Inspired by my lovely friend Gail, who asked me last week if I had a good recipe for lemon curd. At the time I didn’t.
Over the course of the past week, I’ve done a lot of research on lemon curd – looking for recipes and how they varied. Finally, I came up with my own recipe – a combination of the recipes from bakers I trusted. I am very satisfied with the results. I’m very happy I decided to make a double batch, allowing a nice amount to enjoy right now, and leaving lots for jars to be enjoyed later.
I’ll have to send some home to my dad – he looooooves all things lemon.

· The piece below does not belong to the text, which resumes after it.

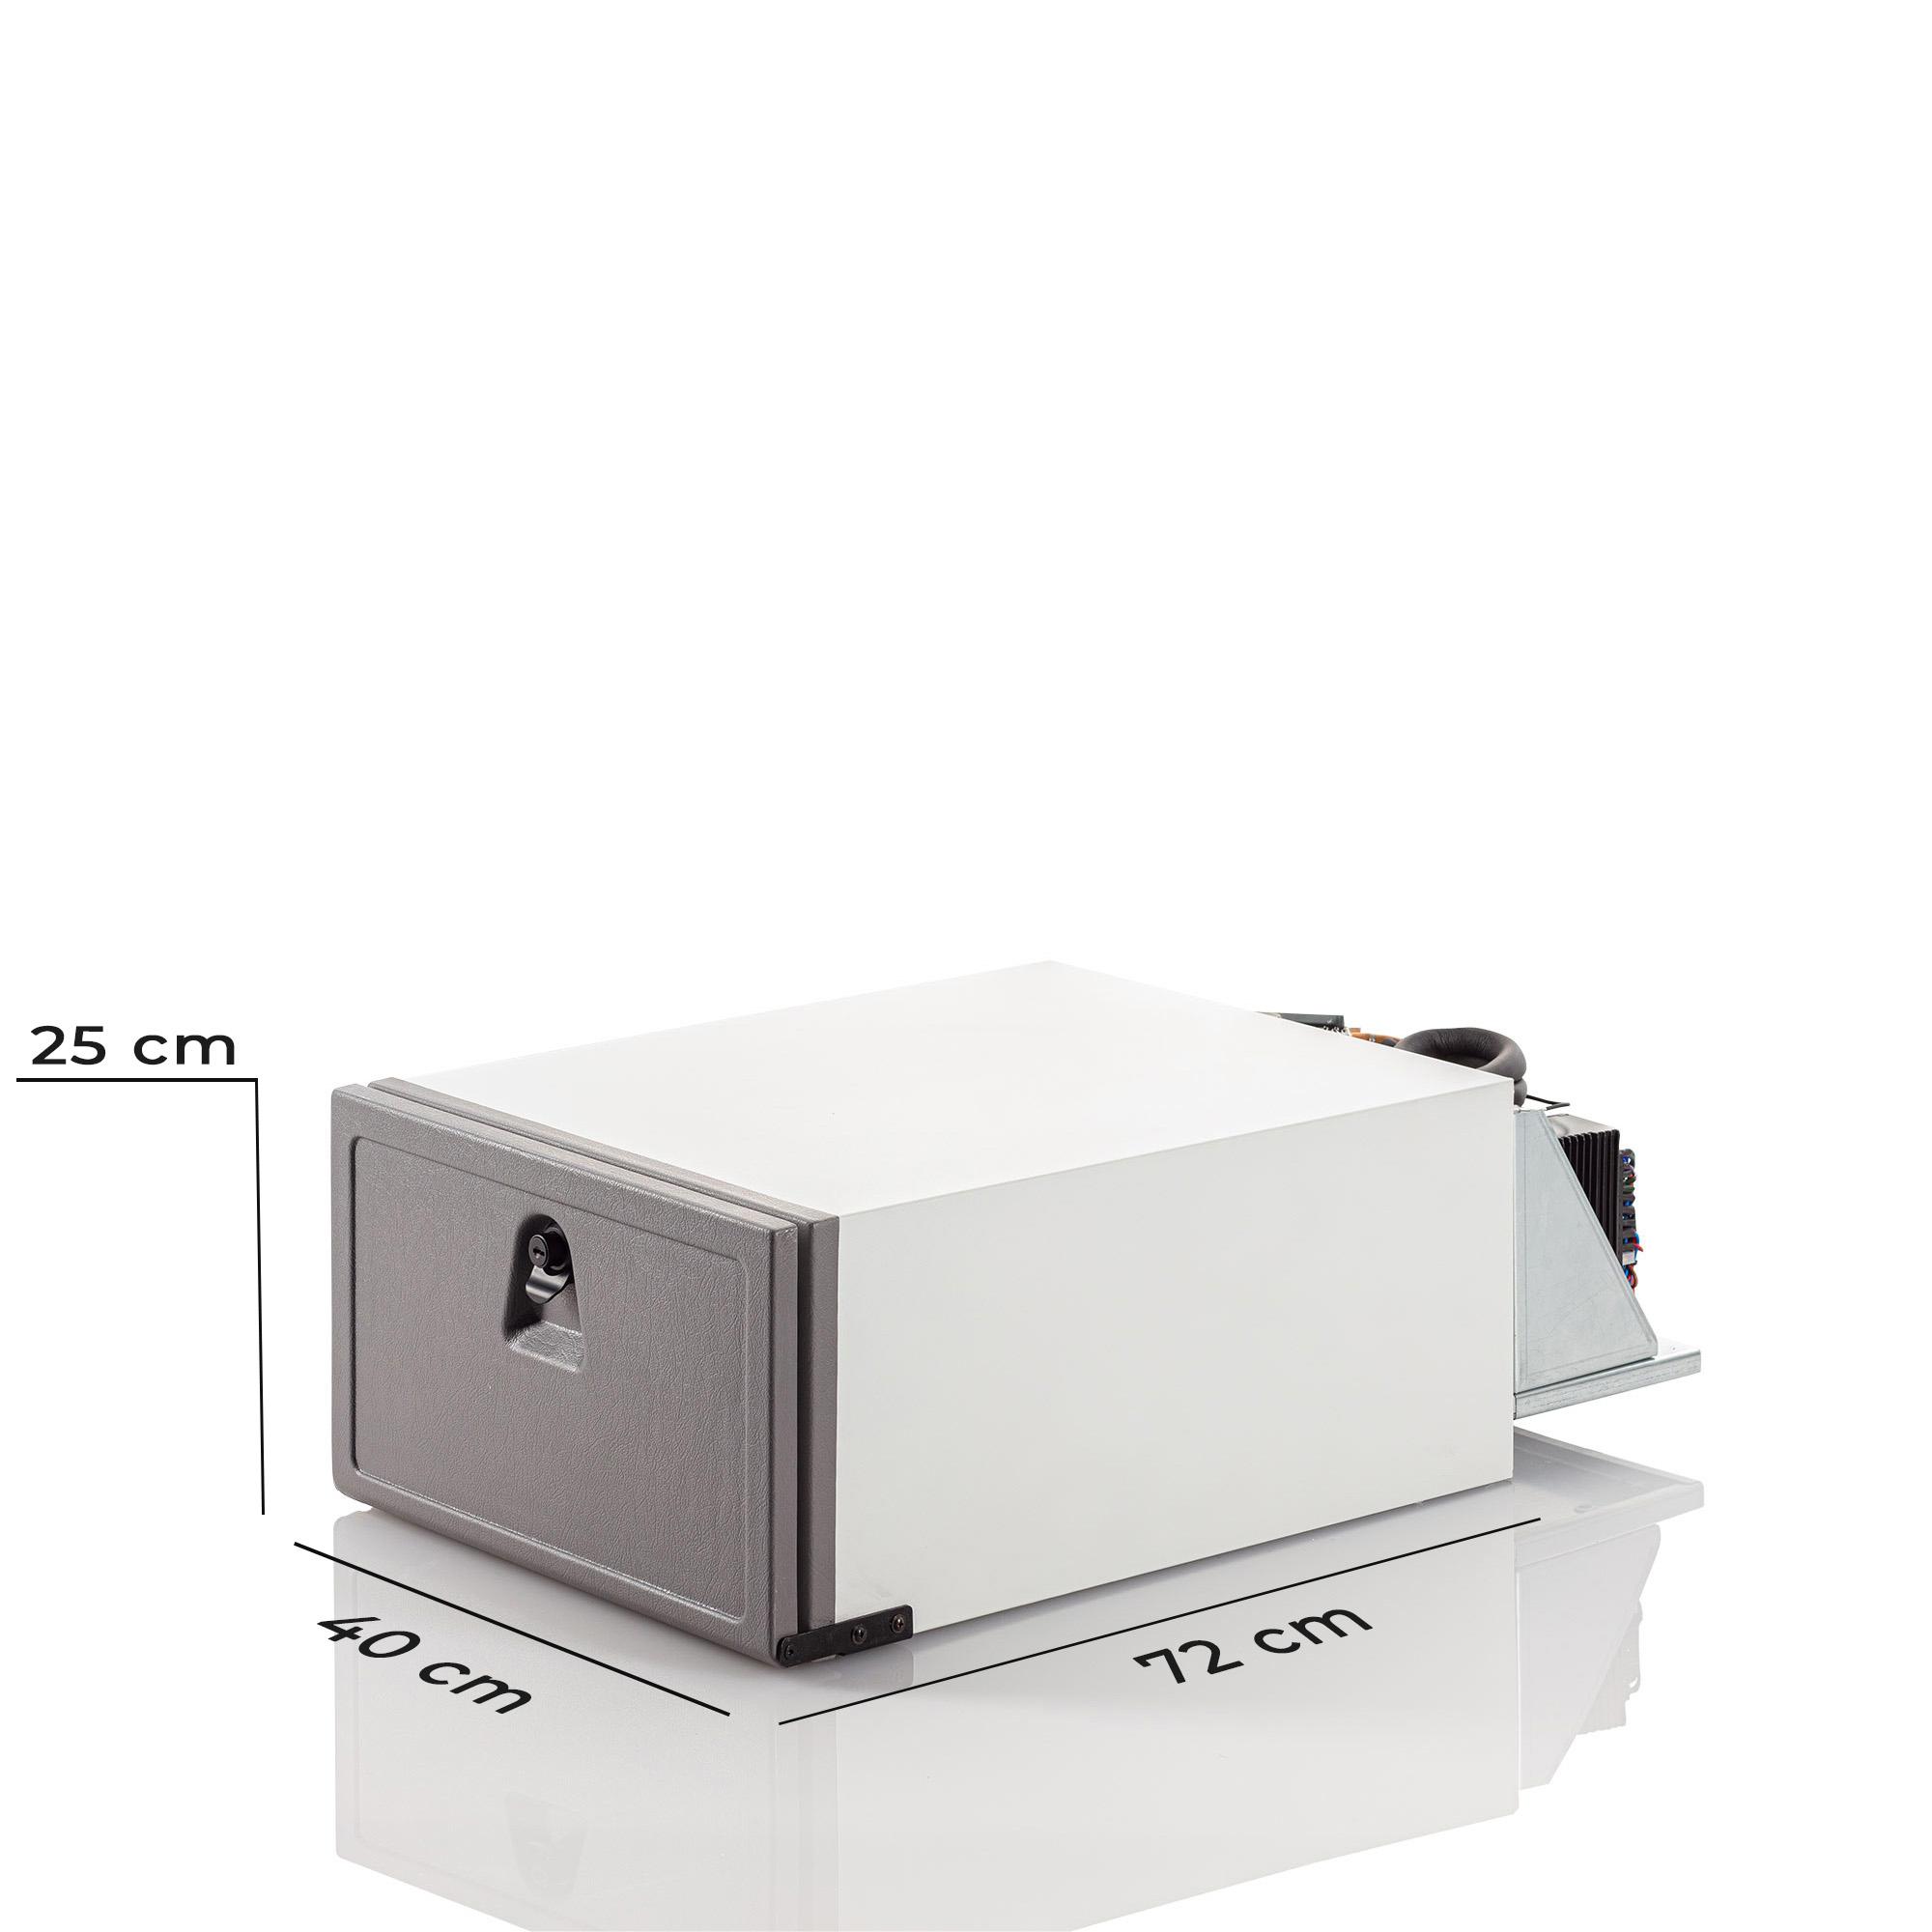 MEC 4024 28 LT Soğutucu Araç Buzdolabı

Meyer lemons, for anyone who might not now, are a hybrid fruit, a cross between a mandarin and a lemon. They are quite a bit sweeter than regular lemons, and they happen to be in season and widely available right now, so I chose to use them. Regular lemons will work just as well, but you may consider adding just a bit more sugar.
[Recipe] Meyer Lemon Curd
4 meyer lemons (to yield about 3/4 C juice)
1 1/2 C sugar
1/2 C butter, at room temperature
1 egg yolk
1/4 tsp salt
First, you must zest and juice your lemons. You should do them in this order, since it is very difficult to zest the lemon after it’s been juiced. I know this from experience.
I ended up with about 3 Tbsp of lemon zest, and 1 1/2 C of lemon juice. (Remember though, that I made a double batch. A single batch will yield about half these amounts of zest and juice.)
Next, cream the butter, sugar, and zest until well blended.
Incorporate the eggs, one at a time, mixing well after each one, finishing with the egg yolk. Finally, add the juice and mix well.
Transfer the mixture to a pot. Heat and whisk the mixture continually over medium-low heat (closer to low to discourage curdling and burning the curd).
Heat until the curd starts to thicken and your whisk starts to leave tracks in the curd, about 20-25 minutes. You’ll know the curd is ready to remove from the heat when it coats the back of a spatula, and when you run your finger through it, the trail left by your finger doesn’t fill itself back in.
Strain the curd through a seive, which will catch the zest and any other small lumps that might have developed during the cooking process.
Refrigerate for 4 hours before eating. Or at least, maybe you should, we wouldn’t know. I will say though, that it’s quite delicious served warm.
Store the curd in jars if you wish, otherwise it can be kept in a bowl or container in the refrigerator for at least a couple of weeks. It can be frozen too, for up to 6 months, although I have no idea how it would last that long around here!
Gail – thank you so much for the inspiration for our dinner of cream scones and lemon curd on this cozy Sunday evening.